**WORK ORDER:**
Please, without any pictures, transcribe the lines from the one holding "LOT OF 8 VINTAGE" to the end of the listing, both ends included.

**THE DATA:**
※
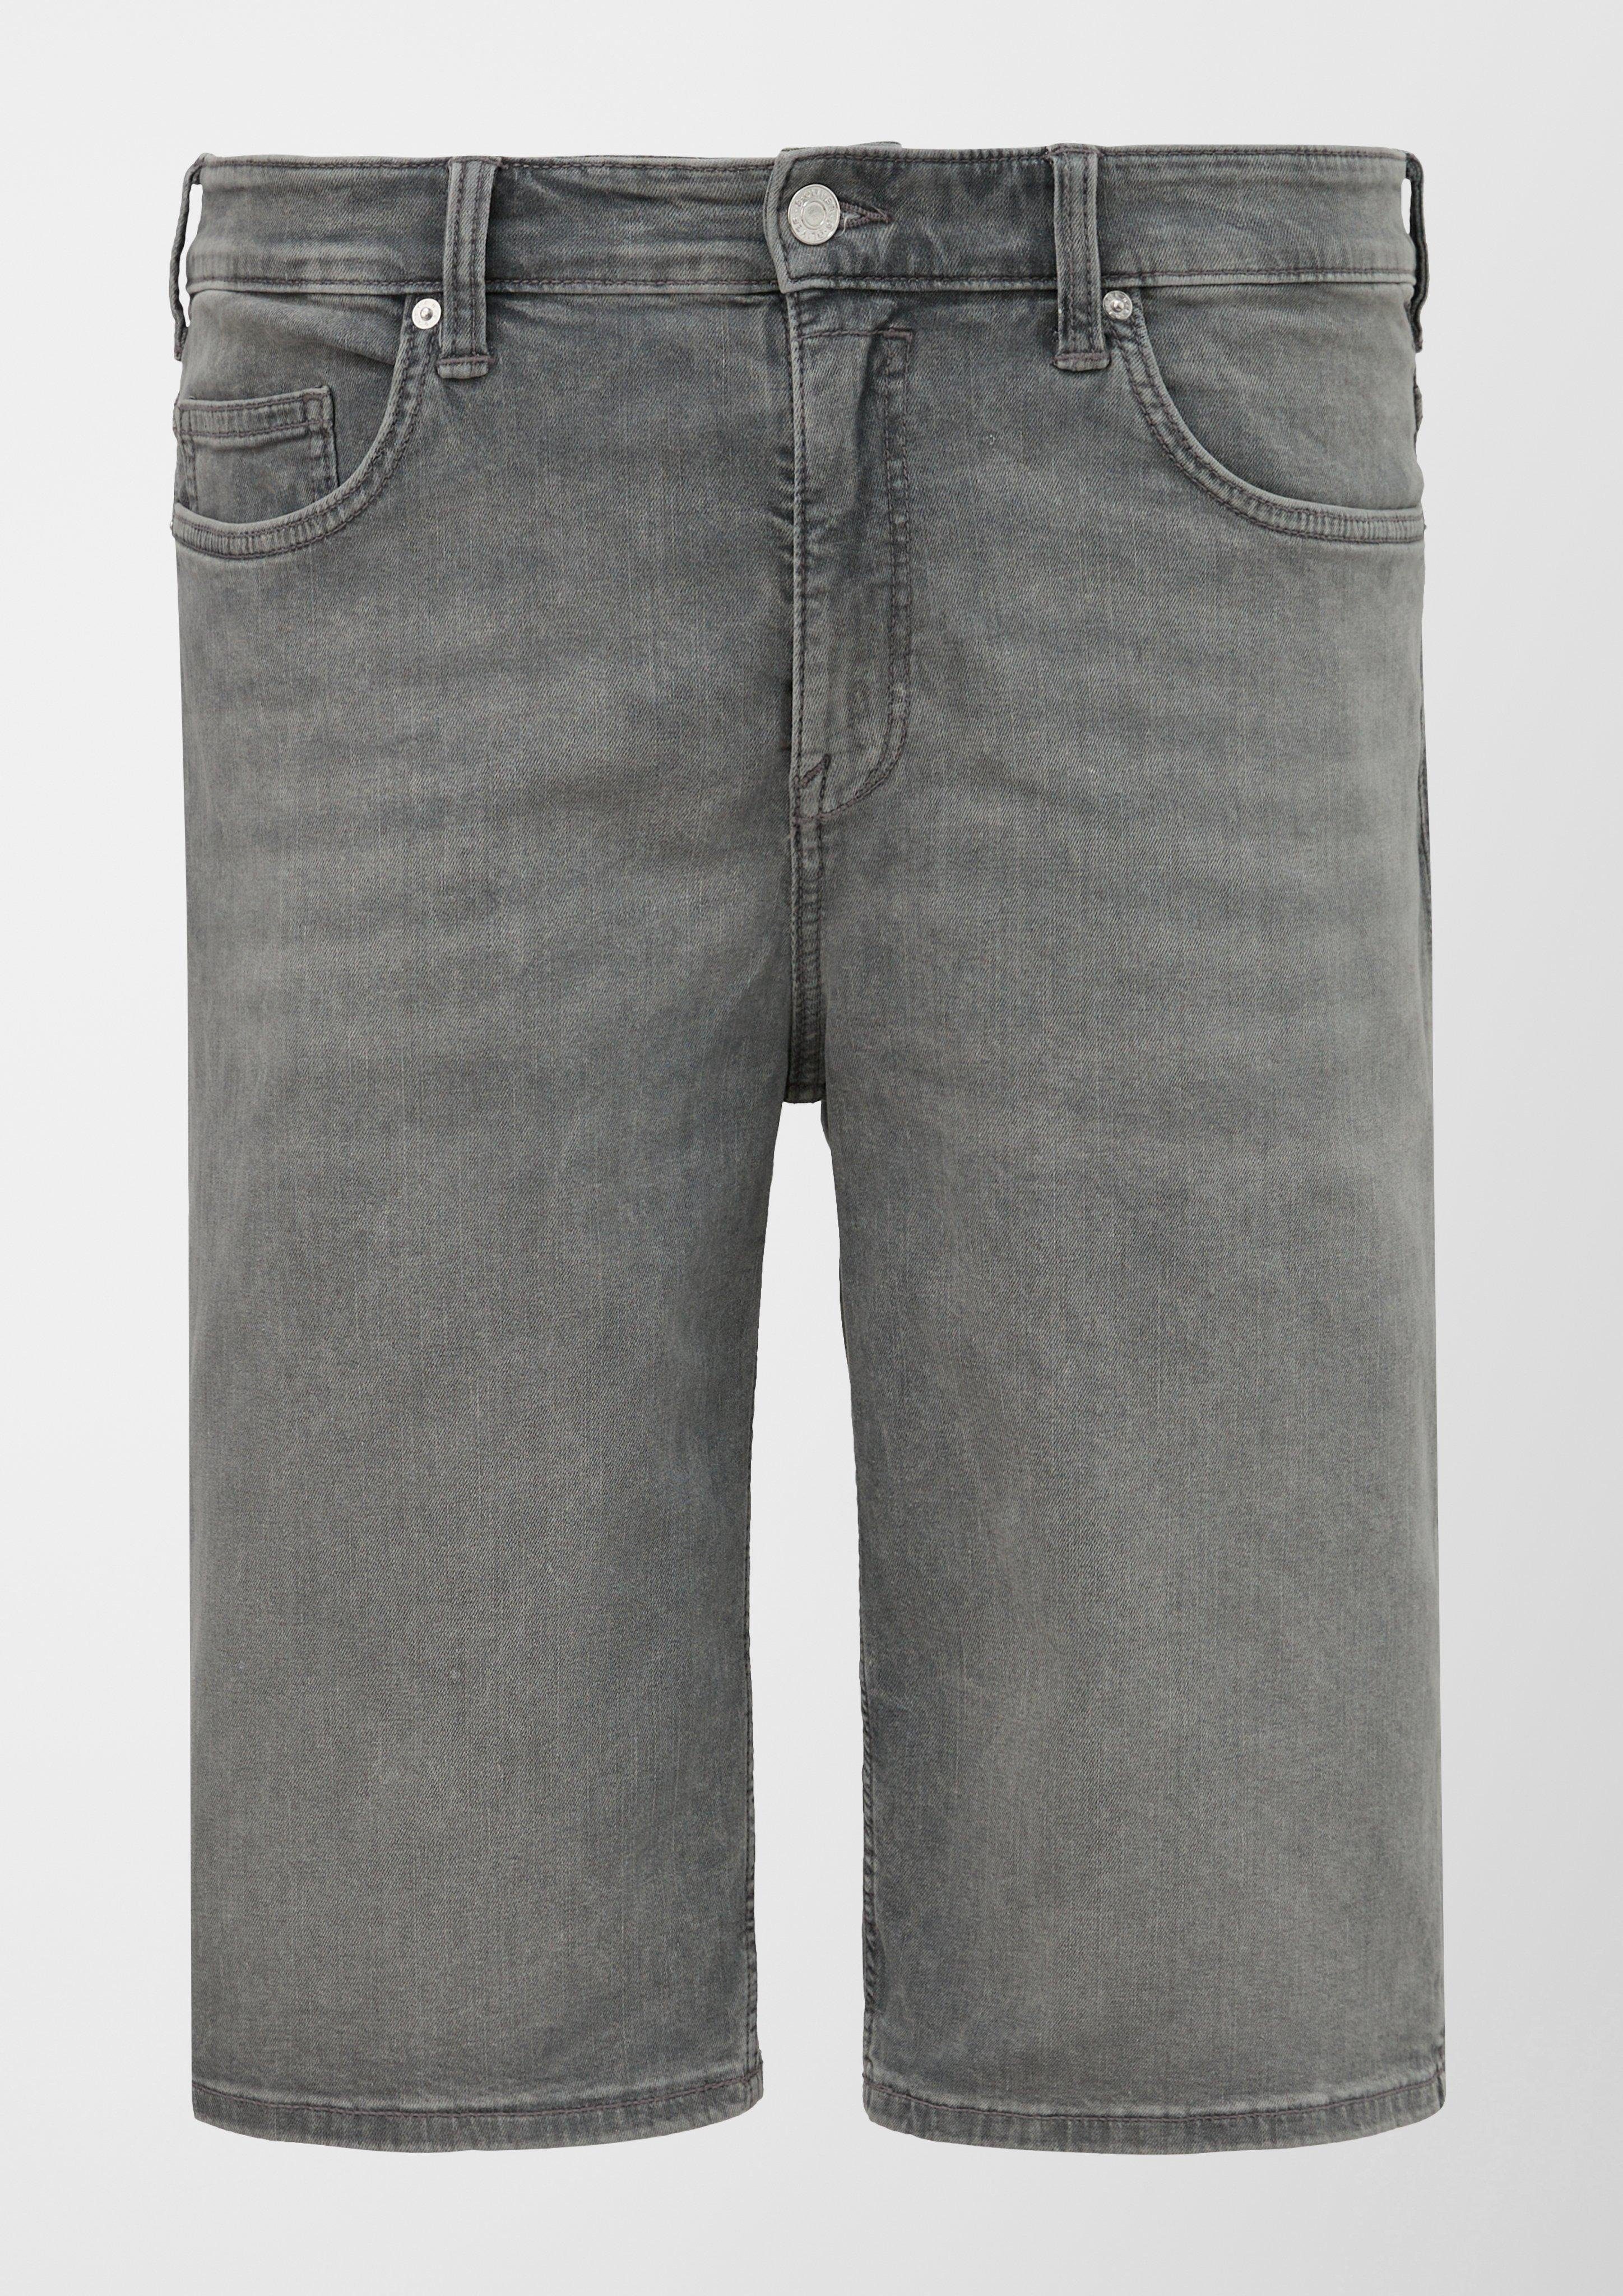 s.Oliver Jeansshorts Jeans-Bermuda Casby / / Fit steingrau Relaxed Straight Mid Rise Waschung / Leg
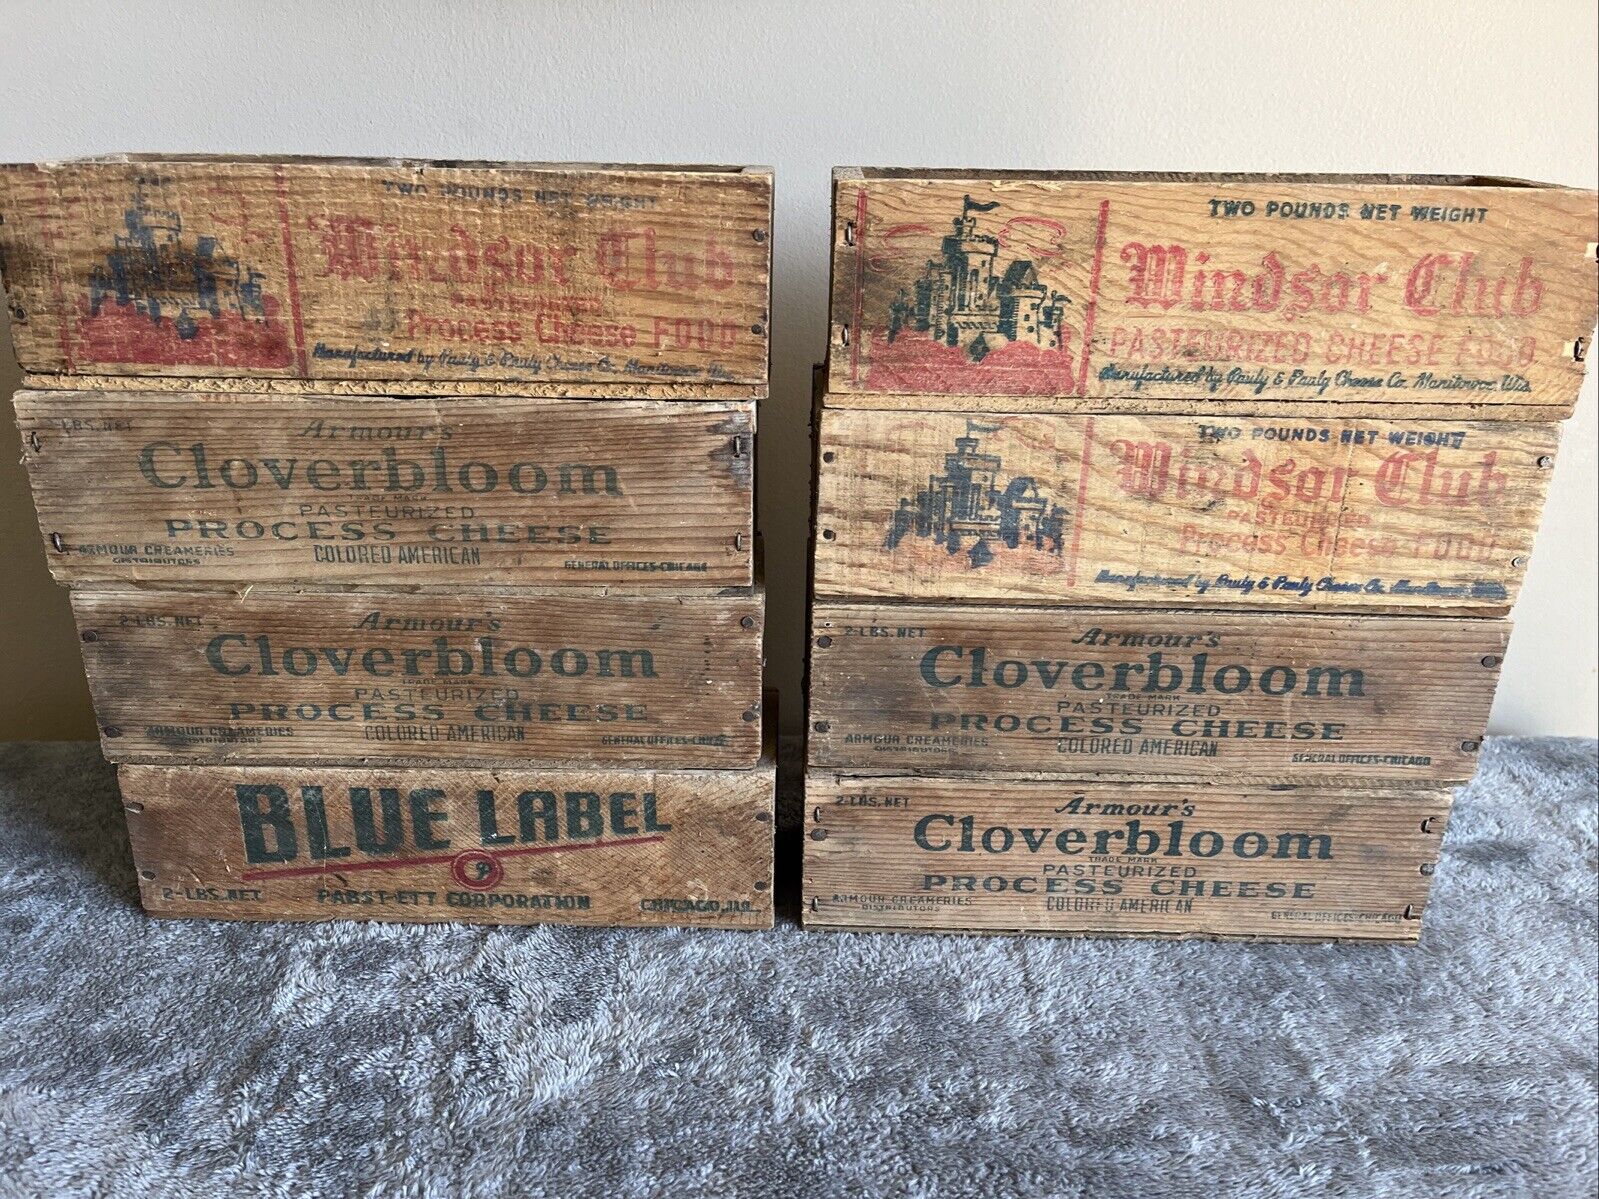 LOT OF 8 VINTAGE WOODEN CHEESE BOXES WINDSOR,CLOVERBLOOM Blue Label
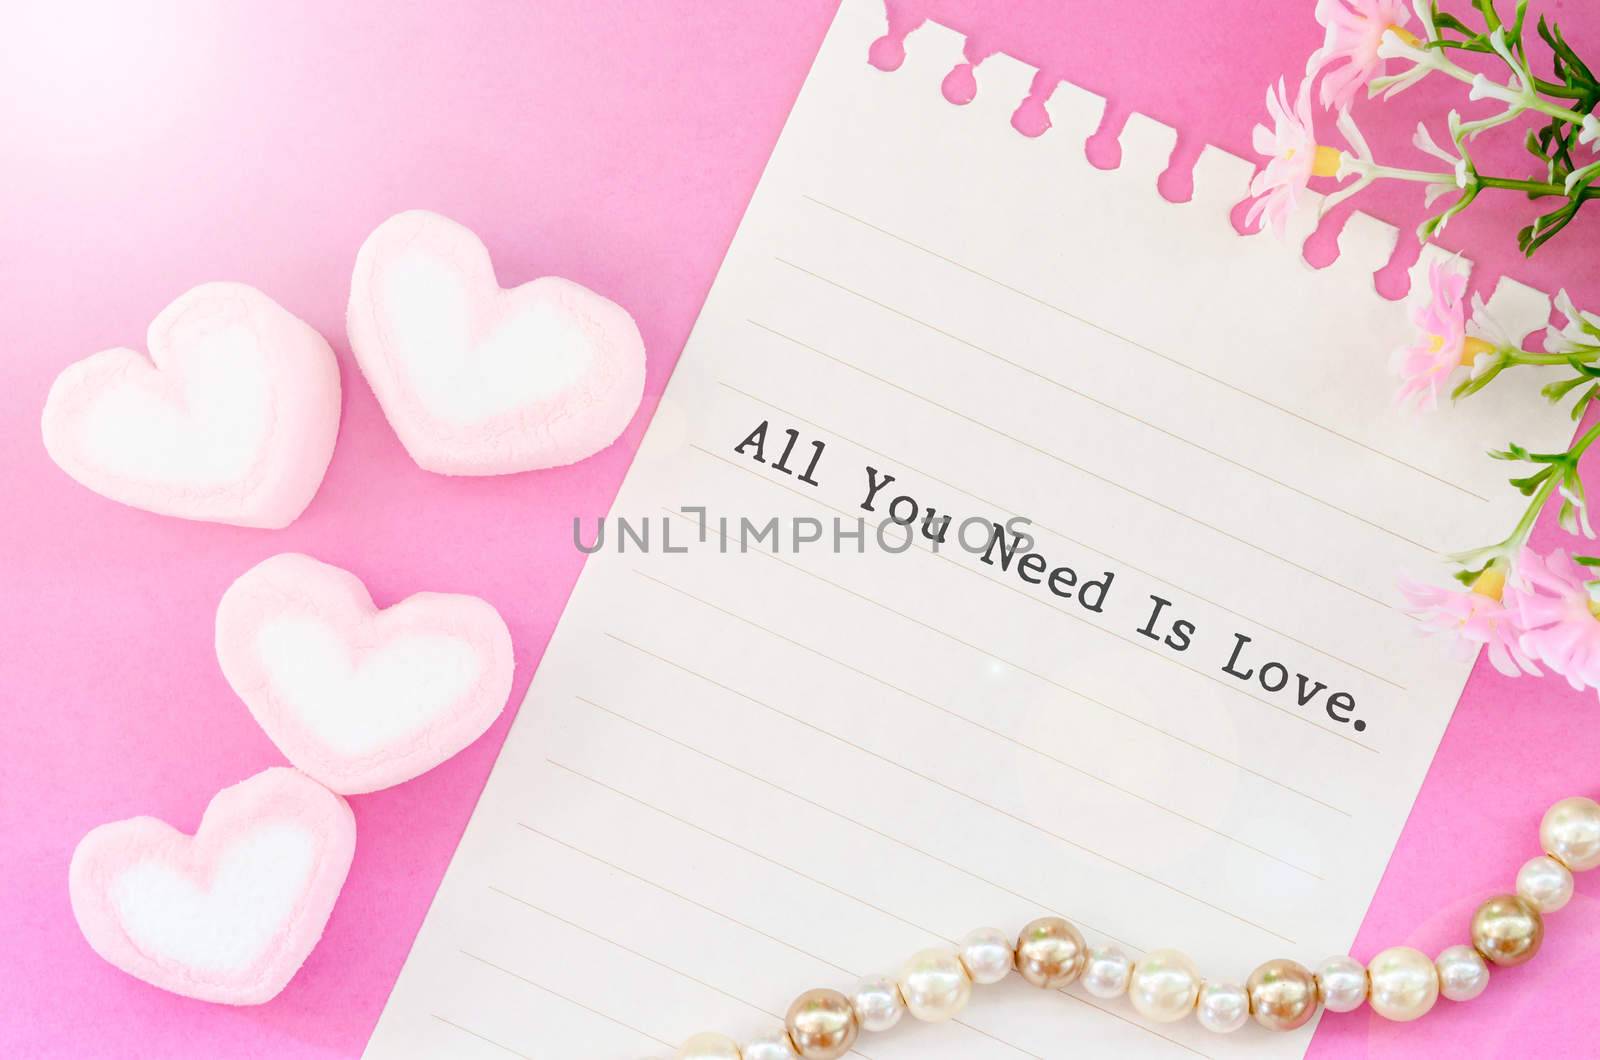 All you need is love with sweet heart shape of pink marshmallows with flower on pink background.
※
**ANSWER:**
 LOT OF 8 VINTAGE WOODEN CHEESE BOXES WINDSOR,CLOVERBLOOM Blue Label
 All you need is love with sweet heart shape of pink marshmallows with flower on pink background.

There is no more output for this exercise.